Deploying at Scale
How can organizations deploy machine learning more rapidly and at greater scale? Learn from the experts. Make it simple for experts to share what they see and what they know. An expert can be a health worker, a surgeon, and someone who works in a warehouse: all have insights and information that when properly analyzed, can guide MACRO-EYES technology that learns to address problems before they occur.
The US Department of Defense has a strategy for operational intelligence built on the belief that “every soldier is a sensor” – a guiding concept for MACRO-EYES that we extend across domains. When every health worker, everyone who is part of a supply chain, every soldier becomes a sensor – existing infrastructure rapidly becomes resilient. Learn from the people who know. Learn from the people who are there now. There is also a phenomenology of AI to consider: use the system, and you understand it. Contribute to the system and you can learn its logic by tracing your input to its output.

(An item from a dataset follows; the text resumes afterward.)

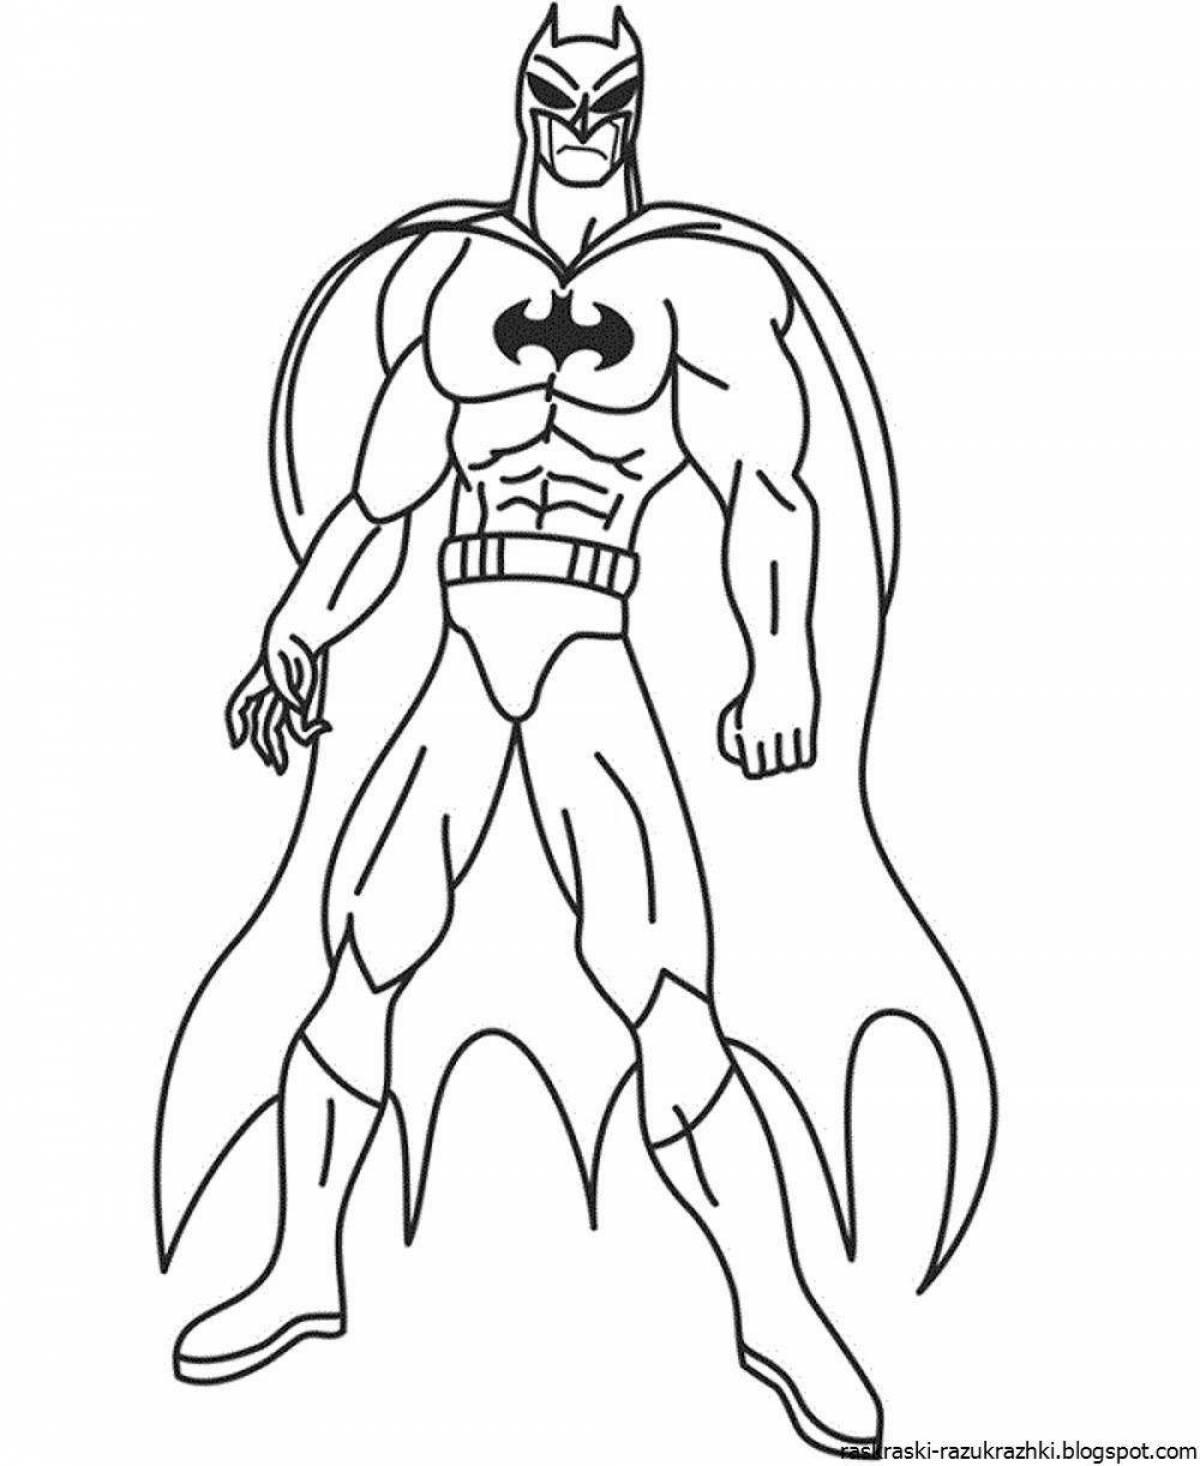 Humorous superhero coloring book for 4-5 year olds

The most radical element of our implementations of expert-in-the-loop machine learning is the capability to build systems for bio-surveillance / information infrastructure in months, rather than years at fraction of the conventional cost. Imagine being able to deploy, anywhere in the world – and within a few months - infrastructure to understand populations, the burden of disease, and the context for care. Satellites image every quadrant of the earth in increasing granularity and at decreasing cost. There are 4B smart phones on earth (and 5.7B adults); smart(ish) phones are present everywhere. The combination of expert-in-the-loop + insight machine learned from satellite imagery is extremely scalable. The ‘satellite + mobile’ dyad for learning at scale makes it easier to transition existing infrastructure to predictive systems, capable of anticipating risk and identifying improvements in care with time to prepare.